Wir lernen: Fremde Lebenswirklichkeiten jenseits der eigene Bubble entdecken, ist ein Spaziergang. Ob "Fremdenführung" oder "Kieztour", die Menschen machen den Unterschied. "Es sind die persönlichen Begegnungen, die den Blick auf stereotype Haltungen verändern", weiß Frank Hiddemann. Flanierend, so könnte man das Hobbes-Wort umschreiben, ist der Mensch dem Menschen der Nächste.
In dieser Woche werfen wir ein Schlaglicht auf jene Menschen, die anderen in Extremsituationen Beistand leisten. Notfallseelsorger leisten erste Hilfe für die Seele. In der aktuellen Ausgabe der Kirchenzeitung lesen Sie mehr über die Wurzeln dieses Ehrenamts, die Erfahrungen der Helfer und die Nachwuchssorgen der Teams vor Ort.

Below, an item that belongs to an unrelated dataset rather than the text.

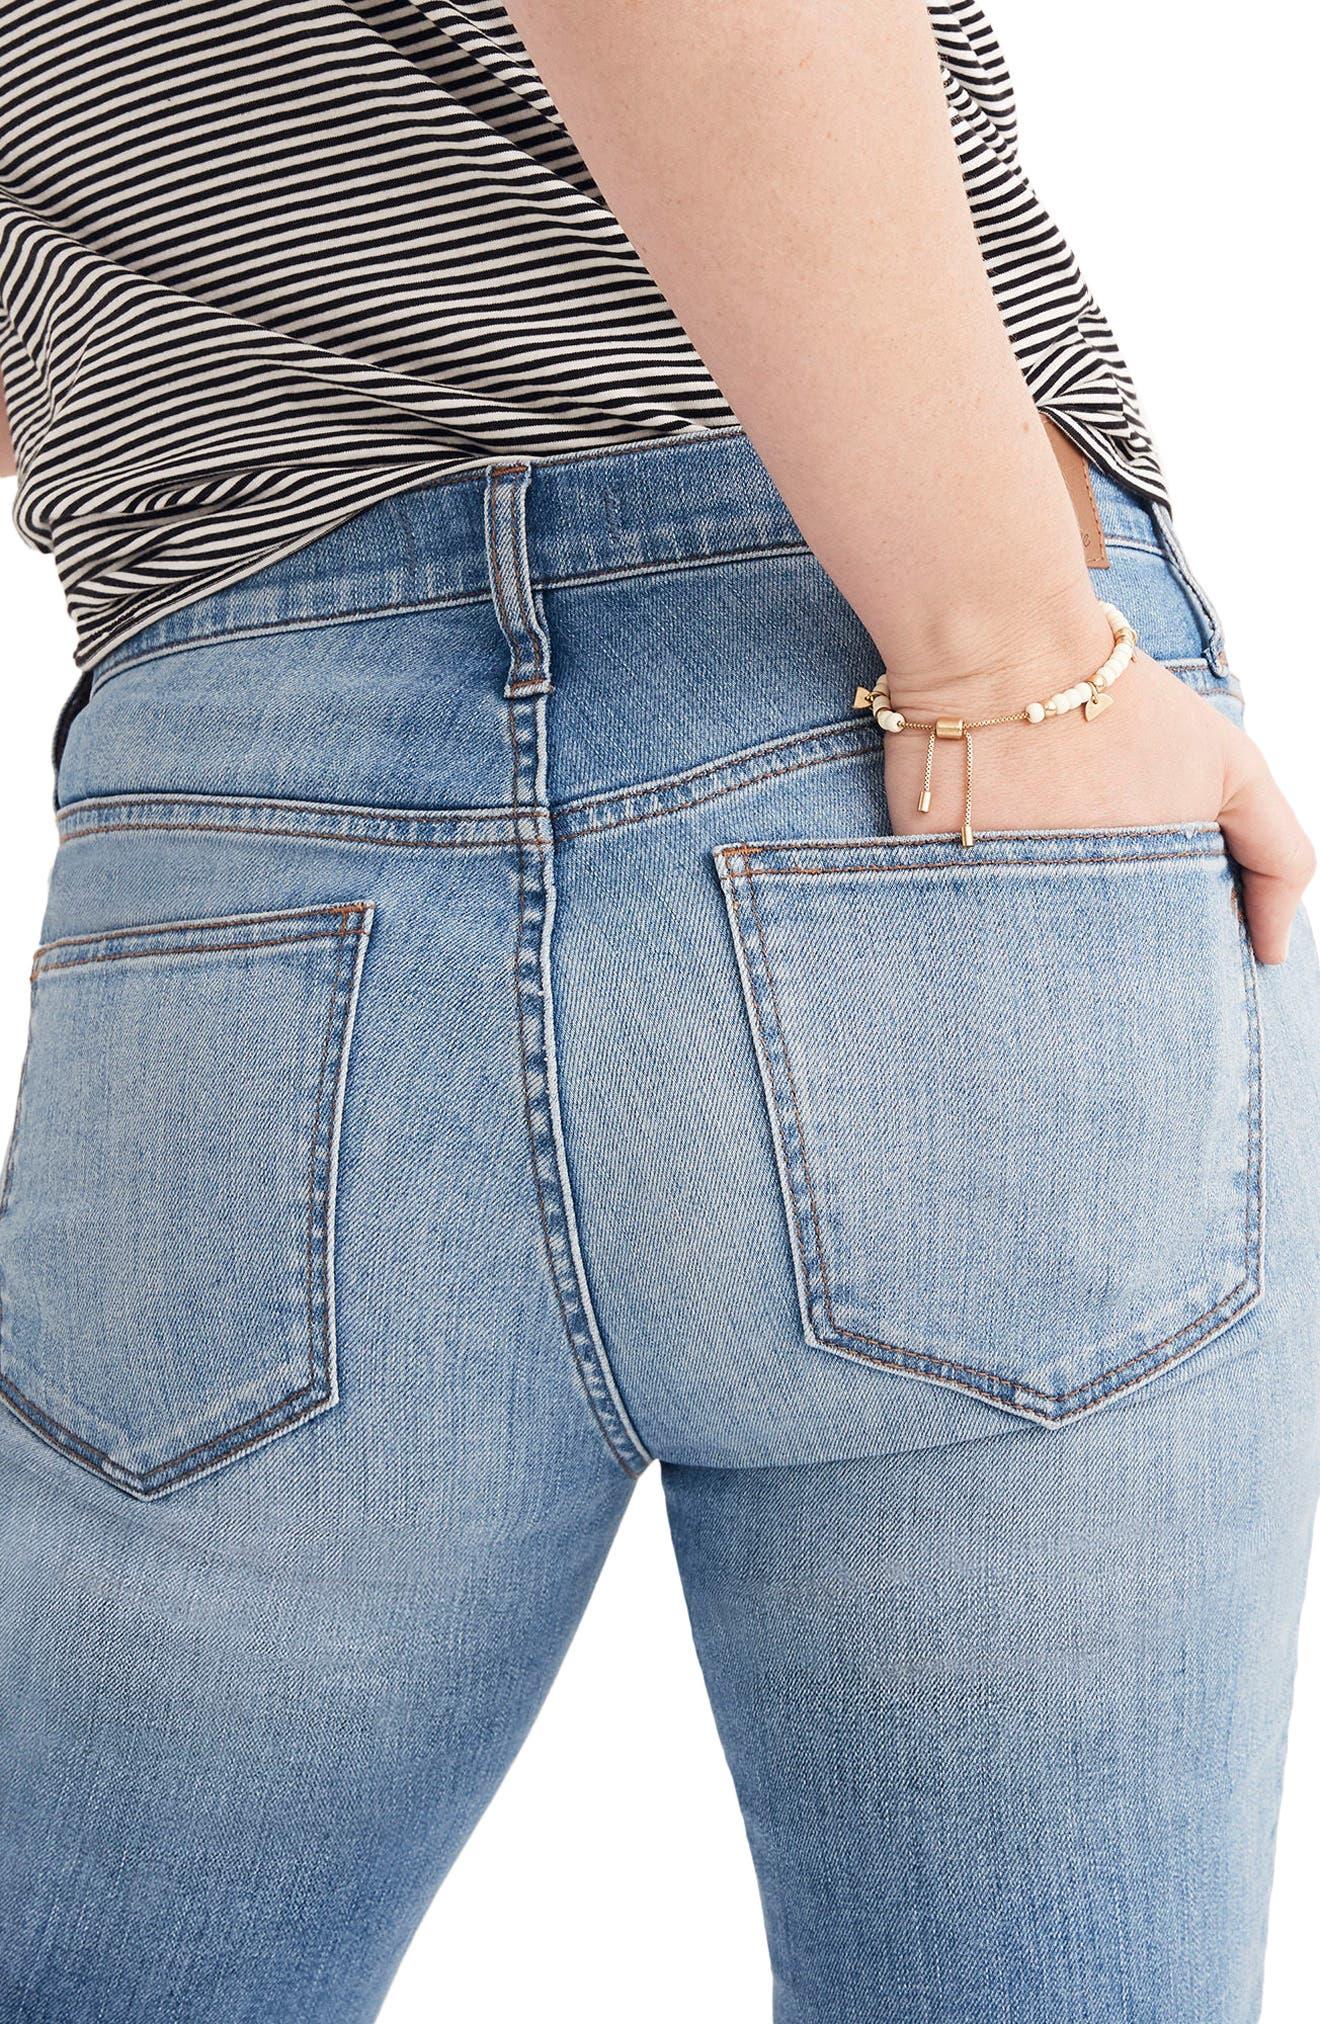 Alternate Image 2  - Madewell 9-Inch Seamed High Waist Step Hem Skinny Jeans (August)

Gute Lektüre!
Unsere Themen:
- Wenn das Unfassbare geschieht: Notfallseelsorger sind da, wenn Menschen in Extremsituationen geraten. Warum der Glaube zu ihrer Arbeit gehört, aber nicht im Zentrum steht.
- "Antisemitismus ist Unglaube": Christian Staffa, Antisemitismusbeauftragter der EKD, über Judenhass und warum er unter Christen ein Problem ist.
- Ein Jegliches hat seine Zeit: Zum 30. Jubiläum der Friedlichen Revolution wird in Jena eine Kantate von Ludger Vollmer aus der Taufe gehoben. Ein Gespräch mit dem Komponisten.
Außerdem:
- Der ungläubige Kater: In »Die Katze des Rabbiners« lässt Comic-Autor Joann Sfar einen Kater Theologie treiben – und behandelt die Frage, wie heute der Glaube gelebt werden kann.
- Auf zum Moos-Kneippen: Waldbaden heißt der neuste Herbsttrend. Die Atempause im Grünen stärkt die Immunabwehr.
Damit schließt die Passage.